Start of Block

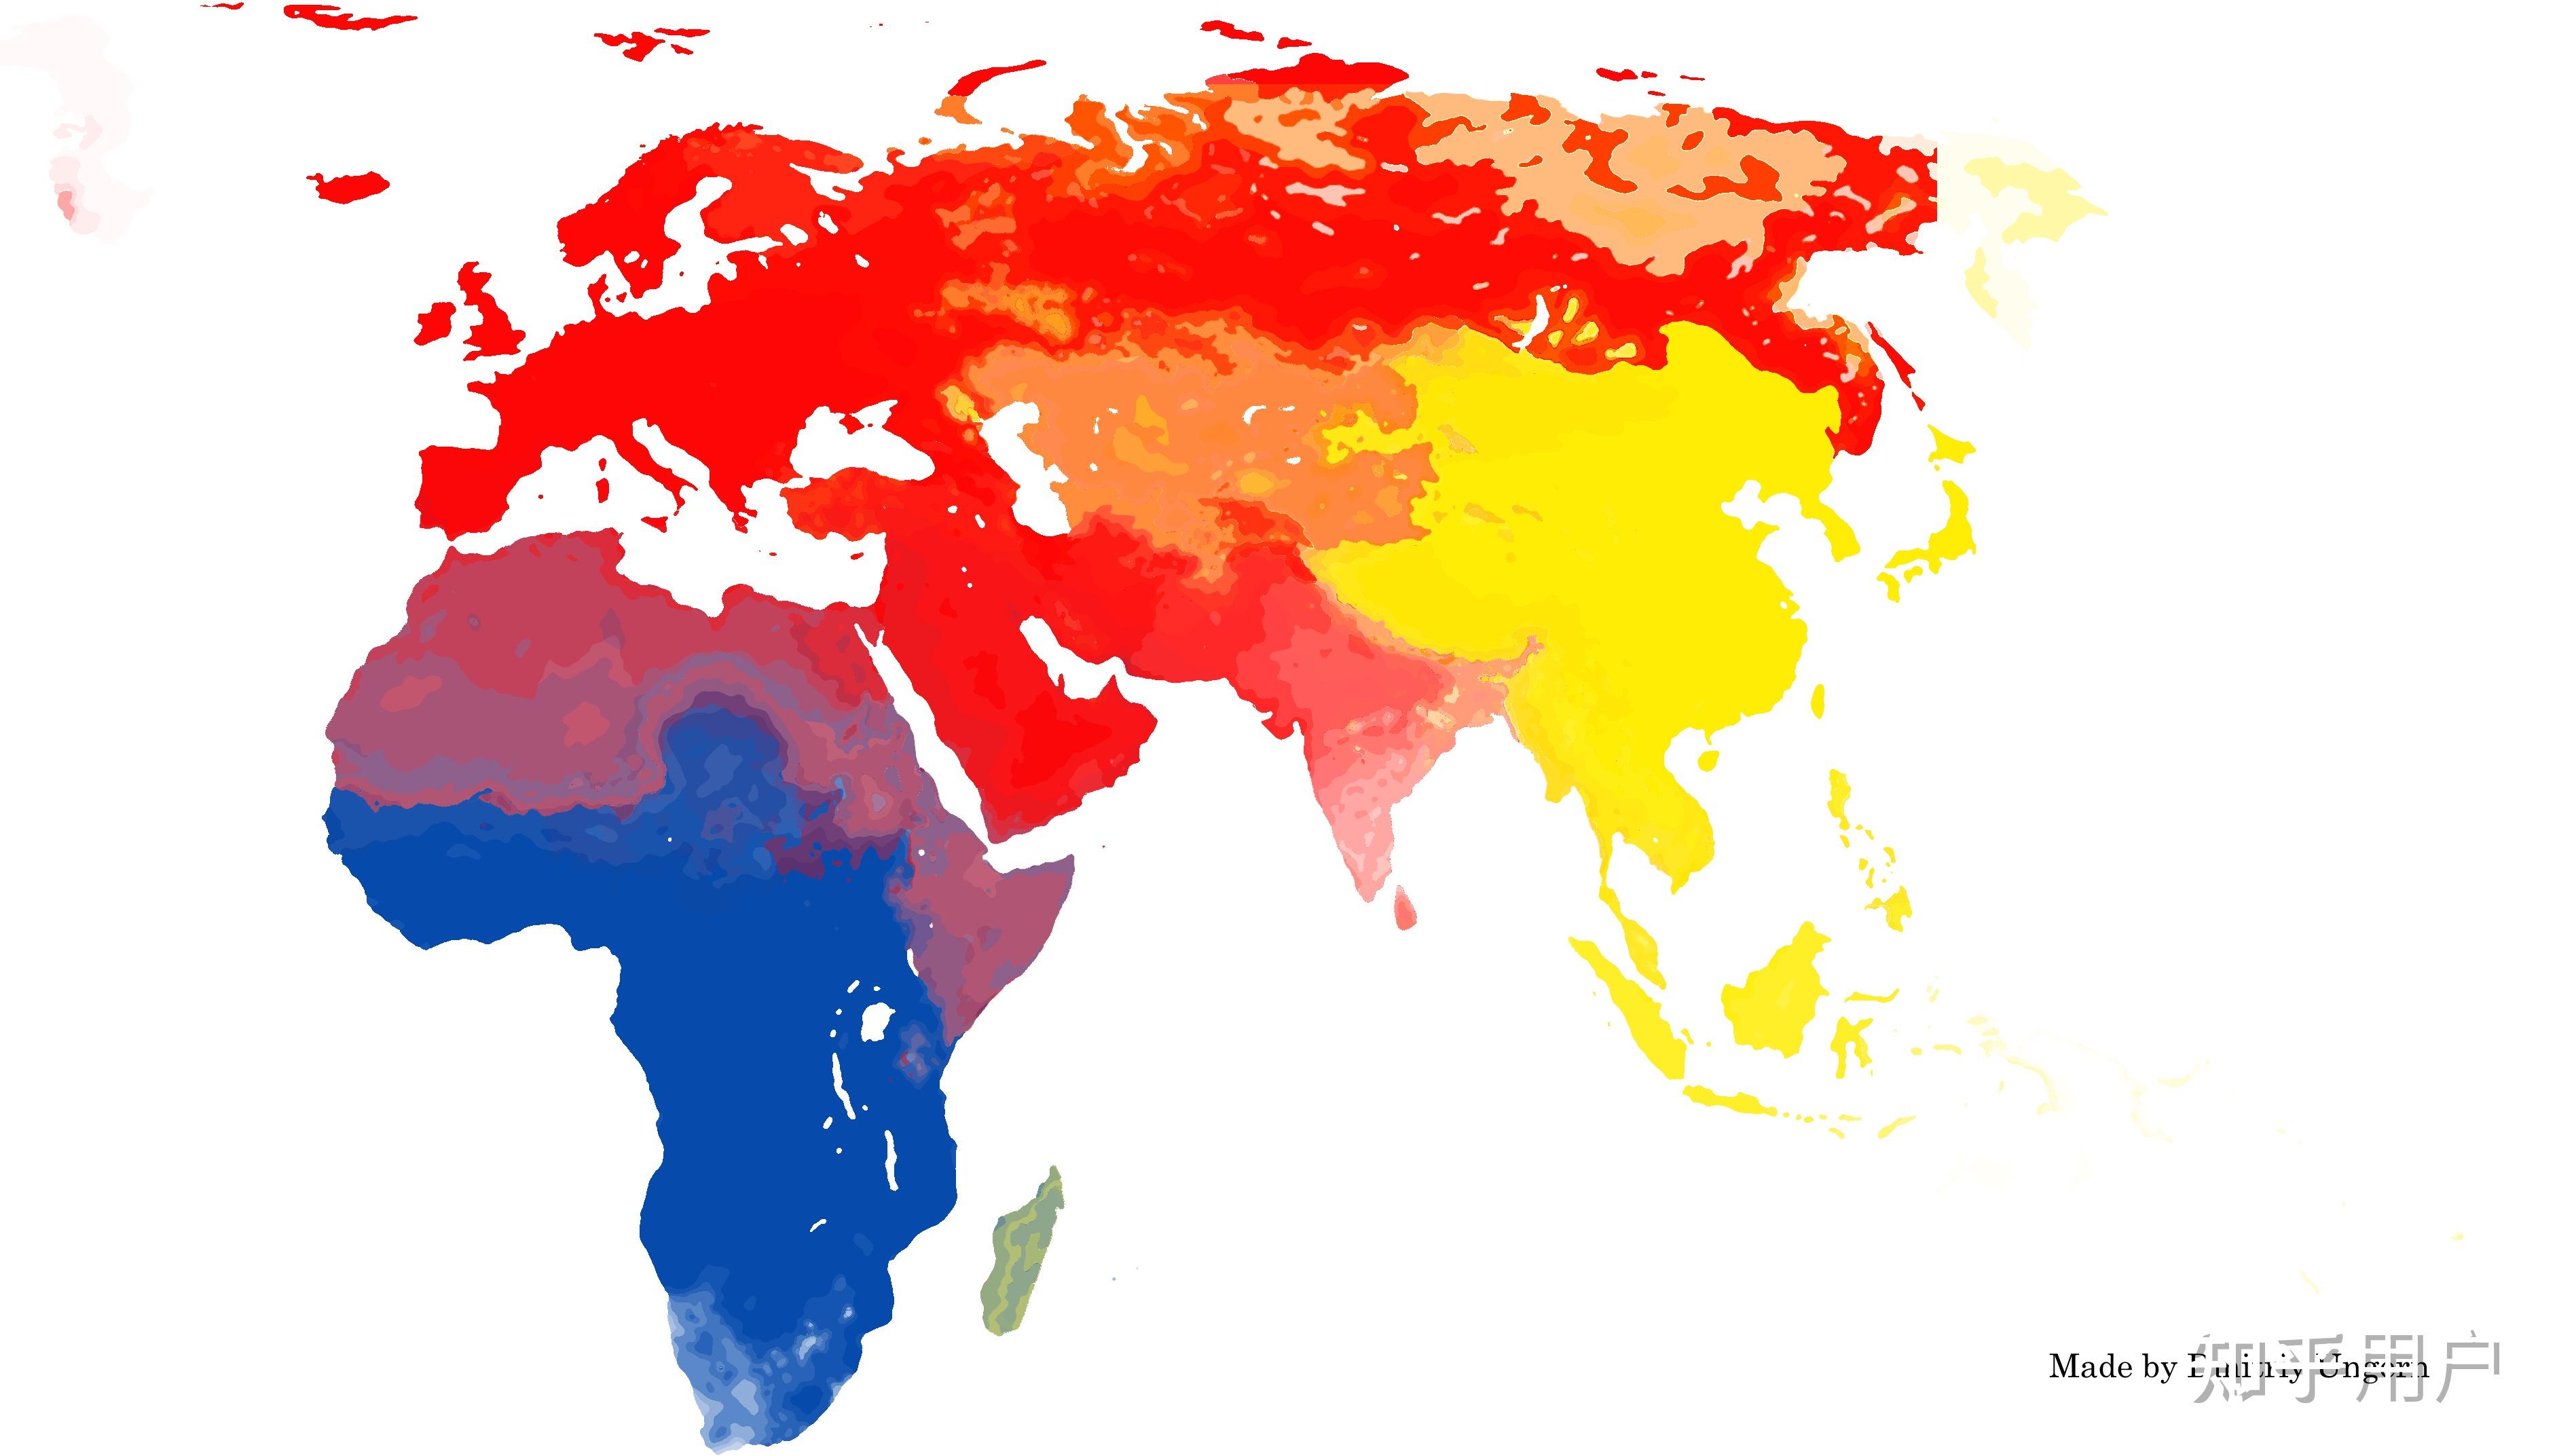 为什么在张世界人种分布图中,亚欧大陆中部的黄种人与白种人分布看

End of Block
Start of Block

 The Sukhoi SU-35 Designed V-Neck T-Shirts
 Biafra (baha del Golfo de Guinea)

End of Block
Start of Block

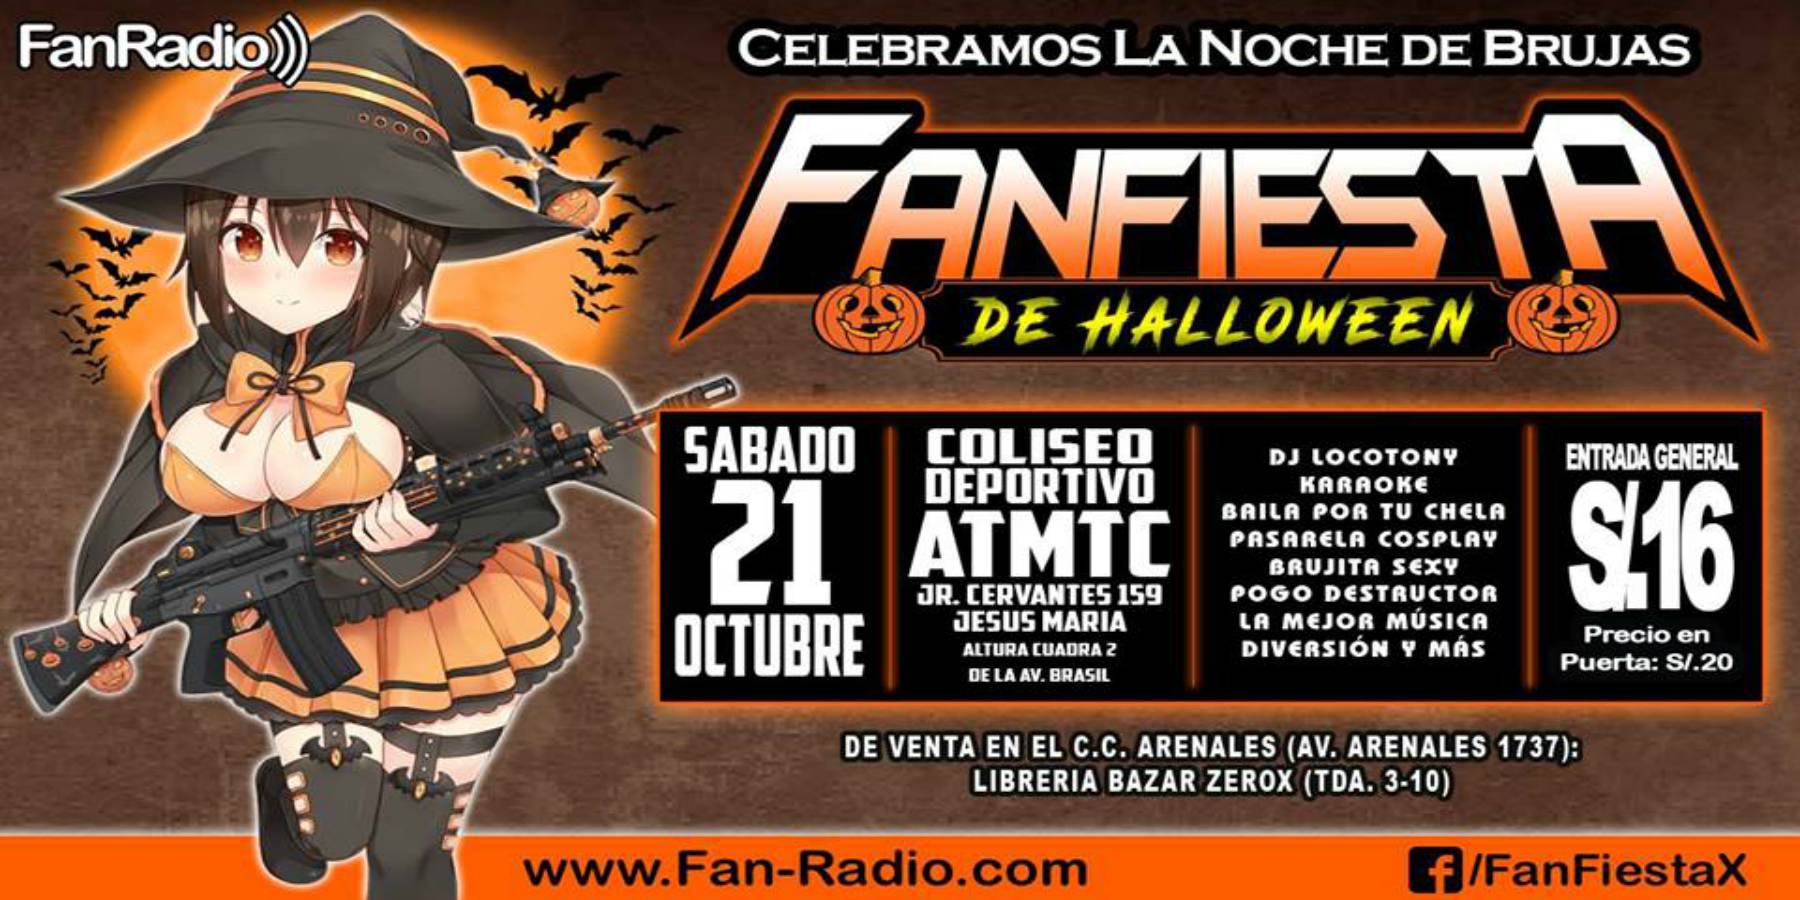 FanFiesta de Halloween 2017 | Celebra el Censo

End of Block

== Task brief ==
Please give back, exactly as it stands above, the stretch from the line with "The Sukhoi SU-35 Designed V-Neck T-Shirts" through the line with "Biafra (baha del Golfo de Guinea)", and no line outside it.

== Response for this exercise ==
 The Sukhoi SU-35 Designed V-Neck T-Shirts
 Biafra (baha del Golfo de Guinea)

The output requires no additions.